NCP(Naver Cloud Platform)에서 LGTM + Otel Collector 을 사용한 모니터링 설치 - dev

2026. 5. 28.

by. Daramu

LGTM 스택 사용을 통한 모니터링 구축을 진행할 것이다.

본 포스팅은 각 컴포넌트를 간소화 하여 설치한 버전을 할 것이며, Prod용을 원한다면 해당 포스팅 참고 바란다.

NCP(Naver Cloud Platform)에서 LGTM + Otel Collector 을 사용한 모니터링 설치 - prod용 :: Daramu

LGTM은 Loki, Grafana, Tempo, Mimir 로, 각각 logs, 시각화(UI), trace, temric 을 담당한다.

가령 앱/서비스 가 있다고 한다면, 각 앱에 OTLP(Open Telemetry Protocol)을 보내도록 설정을 진행하고, OTC(OpenTelemetry Collector 설정을 통해 OTLP 입력을 받는다.

그리고 입력 받은 모든 데이터를 각각의 백엔드(Loki, Temp, Mimir)로 보내 데이터를 보관 및 처리하며, 결과적으로 Grafana를 통해 시각화를 제공한다.

도식화를 하면 아래와 같이 구성된다.

앱/서비스
  └─ OTLP (gRPC:4317 / HTTP:4318)
       └─ OTel Collector (DaemonSet) ──► Loki   (logs)
                                    ──► Tempo  (traces)
                                    ──► Mimir  (metrics)
                                         └─ Grafana (시각화)

그림으로 보면 아래와 같다.

백엔드가 Spring boot라고 했을때, OTLP 프로토콜을 사용하여 서버를 실행할때 JAR 파일만 주입하여 사용하는 방식을 주로 사용한다. 이 JAR파일을 통해 Spring boot내부의 모든 라이브러리(Web, JPA, Logback..etc..)를 자동으로 감지하여 트레이스, 메트릭, 로그를 OTLP로 수집한다.

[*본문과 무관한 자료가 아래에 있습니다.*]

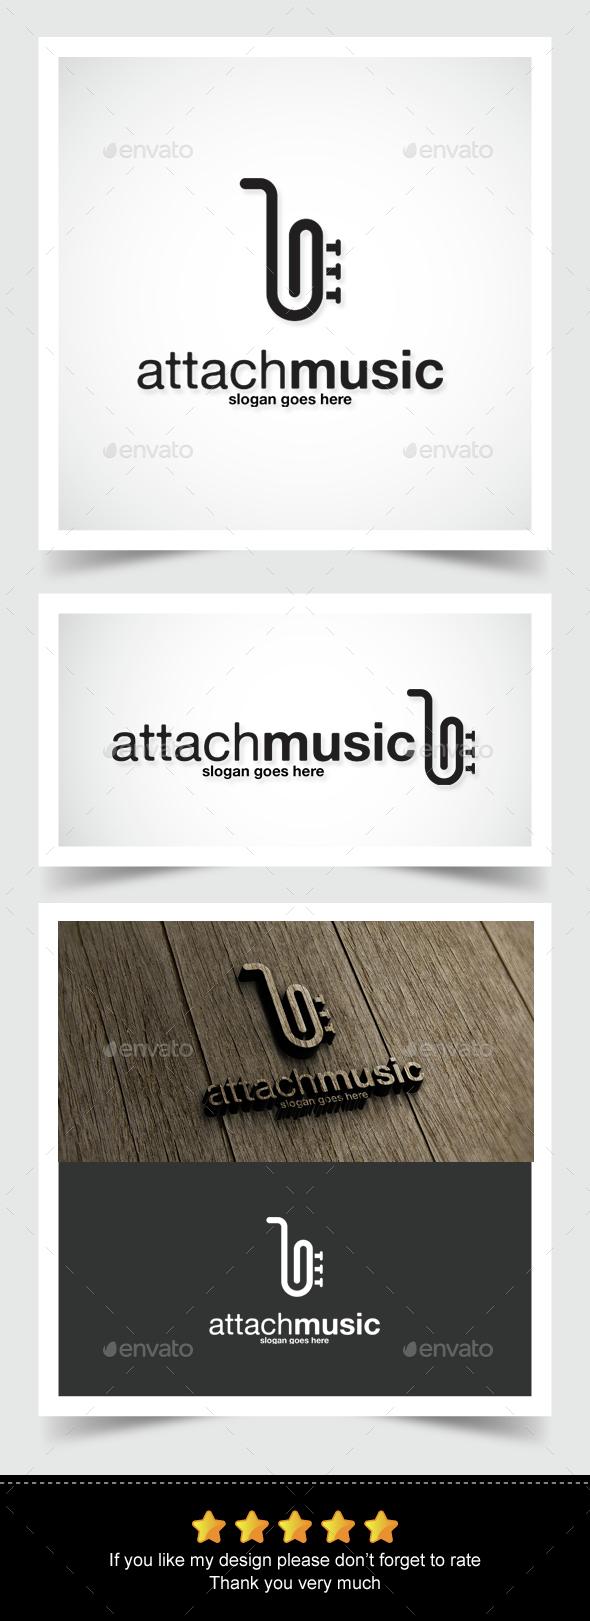 Attach Music Logo

여기에 쿠버네티스라면 OpenTelemetry Opertor(오텔 오퍼레이터)는 쿠버네티스 환경에서 Otel Collector를 자동으로 띄워 애플리케이션 코드를 건드리지 않고, Otel SDK를 Pod에 자동 주입하는 쿠버네티스 전용 자동화 관리 도구이며, 이것을 사용할 것이다.

그림에서 보이듯이, 총 6개의 Helm을 기본으로 설치해야한다.

Mimir, Loki, Tempo, Grafana, Otel Operator(Pod 자동 수집), Otel Collector(노드 수집) 이다.

거기에 내부 HTTPS 통신을 위한 cert-manager 까지 더해져 총 7개의 helm chat 설치가 필요하다.

오텔 오퍼레이터는 웹훅 통신시에 내부 HTTPS 인증서가 필수이기에 cert-manager는 피하기 어렵다.

cert-manager에 대한 내용이 궁금하면 이전 포스팅 참고바란다.

Cert Manager 란 무엇인가? :: Daramu

Cert Manager 란 무엇인가?

HTTPS 통신을 위해서는 SSL/TLS 인증서 관리가 필요하다.만료일을 깜빡하면 HTTPS 통신이 안되어 서비스가 마비되는 대참사가 간혹 나오고 있는데, 쿠버네티스에서는 cert-manager를 사용하여 이 같은

daramu.tistory.com

Grafana 공식 재단에서 grafana/lgtm-distributed 같은 통합 차트를 쓰면 하나의 명령어로 LGTM 컴포넌트를 한번에 띄울 수 있다. 하지만 이 방식을 사용하면 각기 다른 설정을 할때 어려움이 있으므로, 본 포스팅에서는 각각 설치하여 설정하는 것을 목표로 하겠다.

이제 설치 단계에 진입하겠다.

#helm 레포 등록
helm repo add grafana https://grafana.github.io/helm-charts
helm repo add open-telemetry https://open-telemetry.github.io/opentelemetry-helm-charts
helm repo add jetstack https://charts.jetstack.io
helm repo update

#Namespace 생성
kubectl create namespace monitoring

Otel Operator의 Webhook 연결시 TLS인증서가 필수이기에 cert-manager또한 설치한다.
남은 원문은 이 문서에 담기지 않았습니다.